Behindertentestament und Betreuung
Was muss man beachten, wenn das behinderte Kind 18 wird?
Wird das Kind 18 Jahre alt, verlieren Eltern ihr Sorgerecht. Das gilt auch, wenn dieses eine schwerwiegende Behinderung hat und nicht für sich selbst sorgen kann. Entsprechend wichtig ist, sich rechtzeitig zu kümmern.
Von Viola Volland
Der 18. Geburtstag des eigenen Kindes – für Eltern eines Kindes mit Behinderung sei das ein Riesenthema, so die Vorsitzende des Fördervereins Funk e.V., Margot Kuon, der sich für neurologisch erkrankte junge Menschen sowie deren Familien engagiert. Aus ihrer Elternarbeit weiß sie, wie belastend diese Zeit von vielen empfunden wird. Vieles habe sich in den Jahren zuvor eingespielt – und dann „kommt es noch mal richtig dicke“, weil so viele Probleme gelöst werden müssen. Von der ärztlichen Versorgung, weil das Kinderkrankenhaus nicht mehr zuständig ist, bis zum Wohnplatz.
Besonders stark nachgefragt seien bei Funk e.V. die Veranstaltungen zu den Themen rechtliche Betreuung und Behindertentestament. Die rechtliche Betreuung ist notwendig, wenn das Kind aufgrund seiner Behinderung seine Angelegenheiten nicht selbst regeln kann, obwohl es das mit dem 18. Geburtstag eigentlich selbst regeln sollte. Eltern verlieren mit der Volljährigkeit ihr Sorgerecht. Entsprechend wichtig ist es, sich frühzeitig zu kümmern. Mütter und Väter können nämlich rechtliche Betreuer ihres Kindes werden. Alternativ kann diese Aufgabe aber auch ein anderer Angehöriger übernehmen oder ein Berufsbetreuer. Achtung: Eltern müssen die rechtliche Betreuung selbst beim Betreuungsgericht beantragen. Ein formloser Antrag reicht aus. Dass sie in der Frage selbst aktiv werden müssten, wüssten viele Eltern gar nicht, berichtet Kuon.

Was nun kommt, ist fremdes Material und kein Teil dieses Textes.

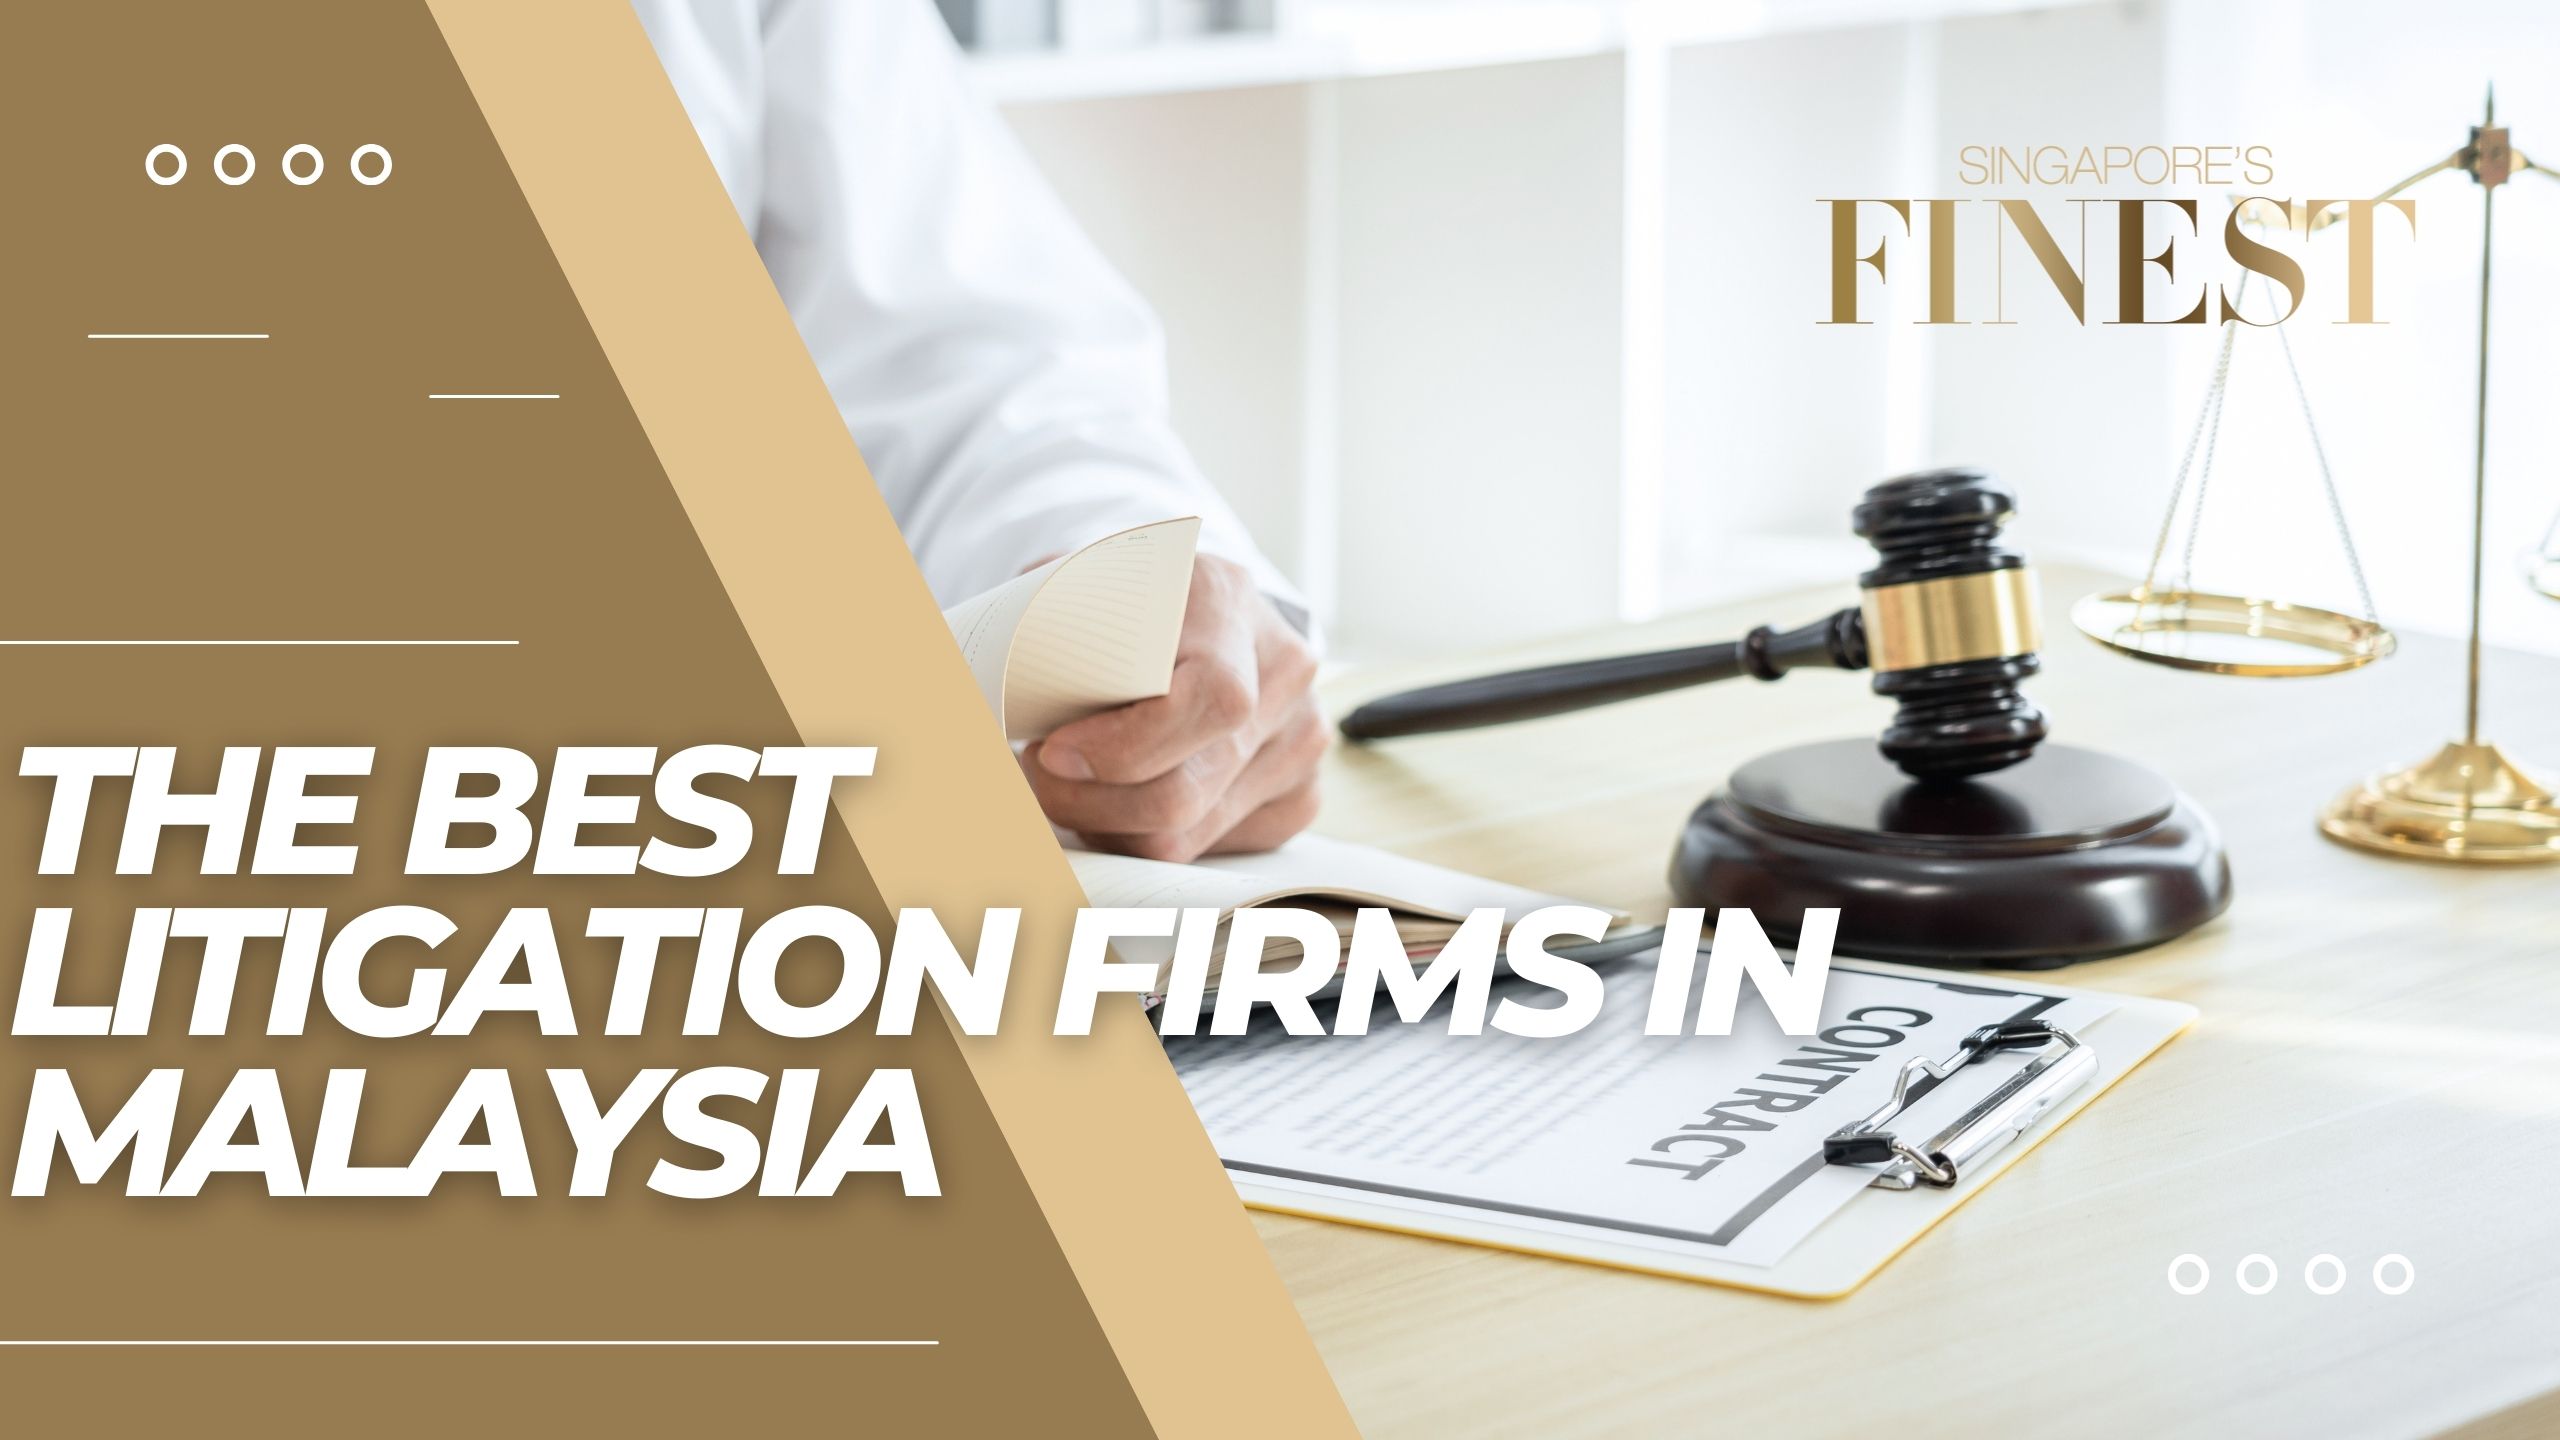 The Finest Litigation Firms in Malaysia

Eltern dürfen auch als Betreuer nicht alles entscheiden
Der Betreuungsrichter entscheidet darüber, ob die Notwendigkeit einer Betreuung besteht und welche Aufgabenbereiche die Betreuung umfasst. So dürfen Eltern beispielsweise als Betreuer das Konto verwalten und die Grundsicherung beantragen, aber sie dürfen beispielsweise nicht entscheiden, dass ihr Kind sterilisiert wird. Auch eine Hochzeit können sie als Betreuer nicht verhindern, darauf weist die Caritas hin.

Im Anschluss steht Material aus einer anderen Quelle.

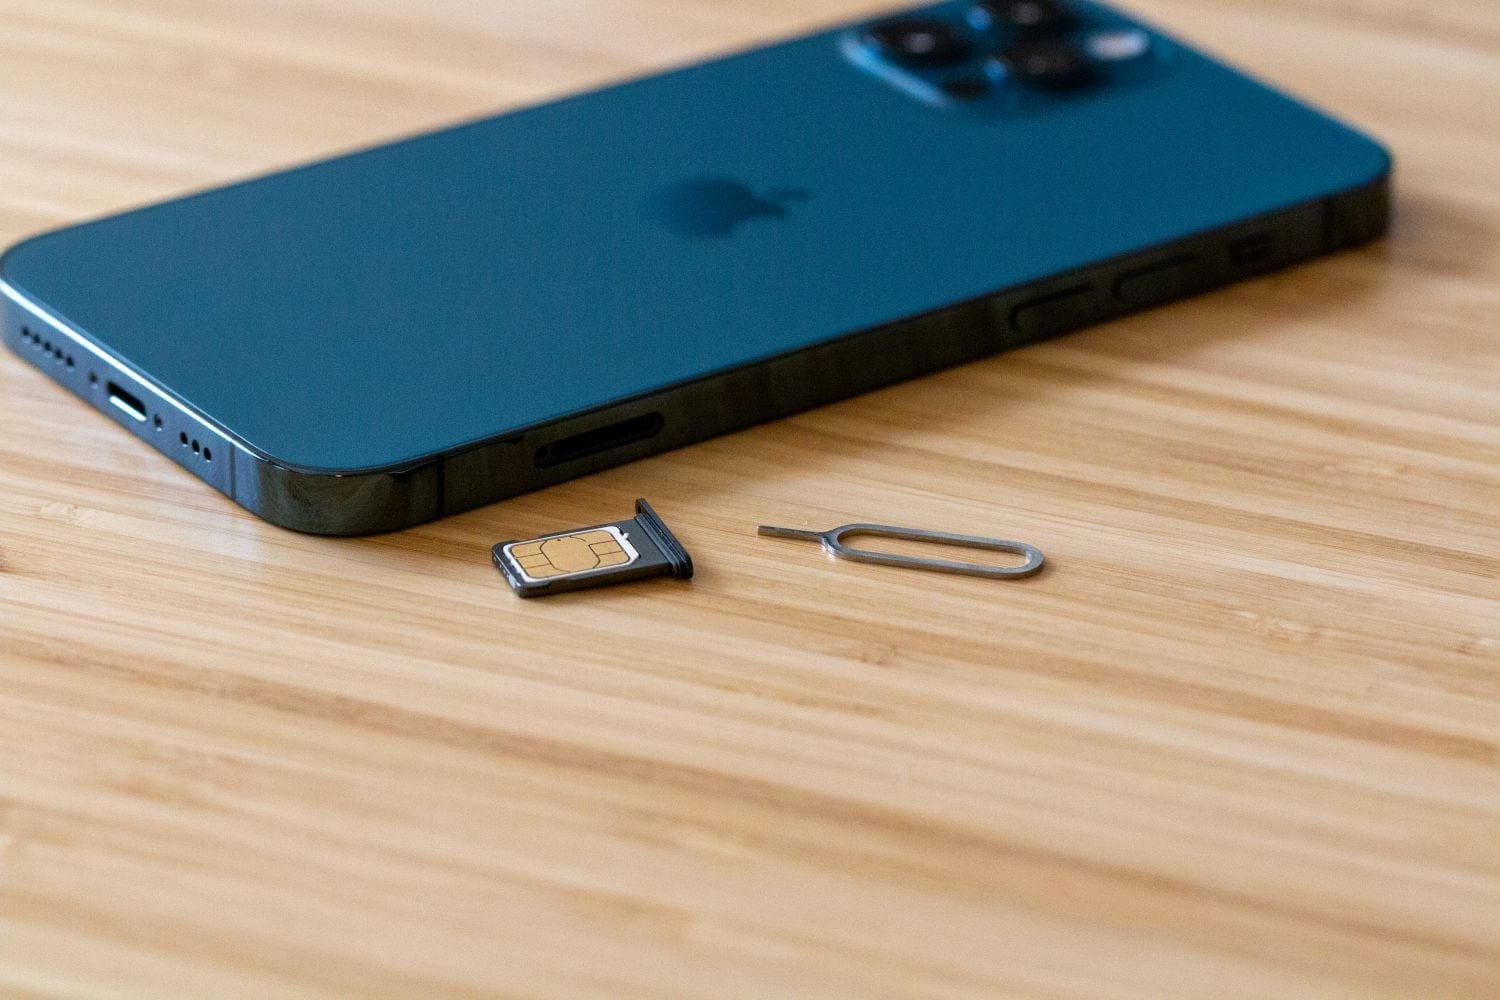 removing-sim-card-from-iphone-8-a-step-by-step-guide

Ist das Kind relativ fit, kann alternativ zur Betreuung aber auch eine Vorsorgevollmacht infrage kommen. „Das muss man abwägen“, sagt Kuon. Manche schreckten vor der Betreuung zum Beispiel zurück, weil man gegenüber dem Betreuungsgericht regelmäßig Rechenschaft ablegen muss für die eigene Tätigkeit. Entscheide man sich für die Vollmacht-Variante, dürfe das Kind geschäftlich tätig sein. Das birgt natürlich je nach Menschentyp entsprechende Risiken.

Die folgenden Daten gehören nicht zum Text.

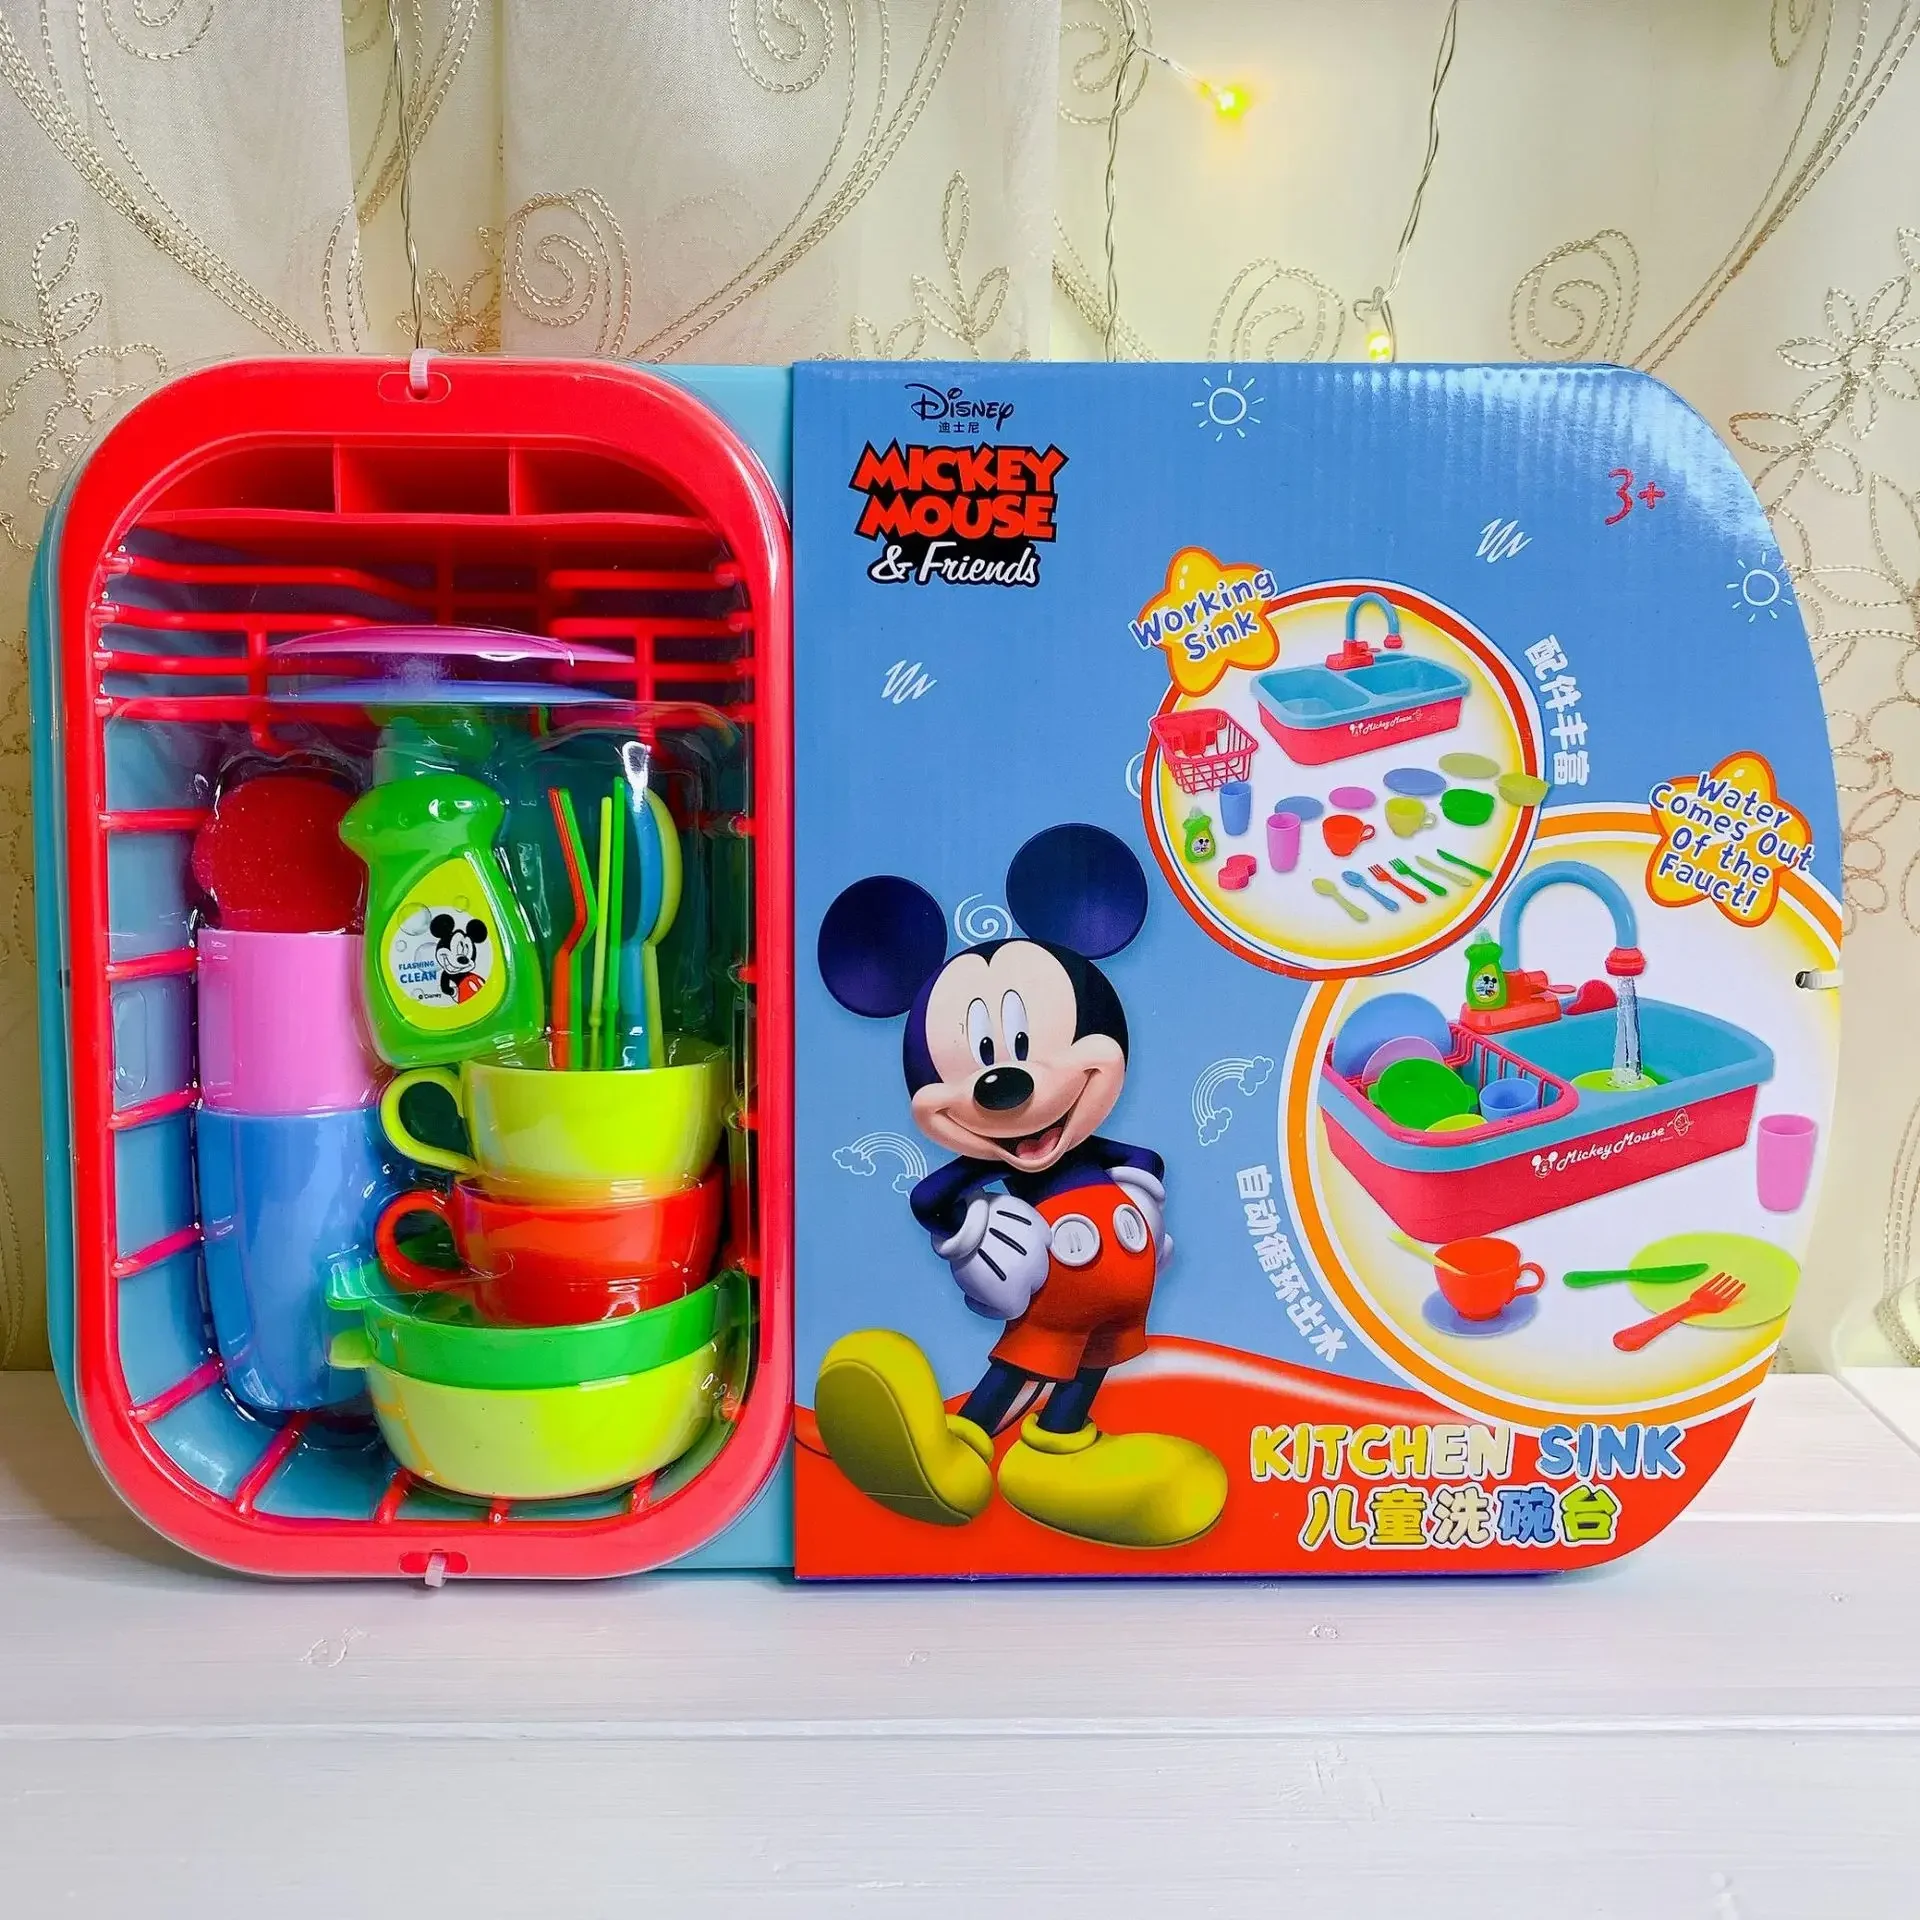 

Disney Mickey mouse Kitchen Cooking Electric dishwasher kitchen sink water tap wash dishes game toy Play house Interactive Toy

Die Eltern sind „damit nicht allein“
Alle Eltern sollten sich Gedanken um das Thema Erbe machen, aber für Eltern mit Behinderung gilt das noch mal mehr. Sie sollten frühzeitig ein sogenanntes Behindertentestament aufsetzen. Damit können sie verhindern, dass nach ihrem Tod die die Eingliederungshilfe und Sozialhilfeleistungen für das Kind vom vererbten Vermögen bezahlt wird. Träger der Behindertenhilfe wie die Lebenshilfe weisen darauf hin, dass das Behindertentestament den Vorteil hat, dass der Erbe mit Behinderung über dem Sozialhilfeniveau versorgt werden kann, aber das Familienvermögen erhalten bleibt. Dies wird erreicht, indem die Eltern das Kind mit Behinderung als Vorerben bestimmen und als Nacherben zum Beispiel die eigenen nicht behinderten Kinder oder eine Stiftung. Die Eltern müssen zudem einen Testamentsvollstrecker bestimmen (am besten auch einen Ersatz, falls dieser ausfällt). Der Testamentsvollstrecker verwaltet die Erträge aus dem Erbteil und kann diese für das Kind mit Behinderung einsetzen.
Margot Kuon appelliert an Eltern, die sich überfordert fühlen mit diesen Themen, sich Hilfe bei Selbsthilfeorganisationen und Fördervereinen zu holen. Nicht jeder müsse das Rad neu erfinden. „Man ist damit nicht allein“, sagt die Vorsitzende von Funk.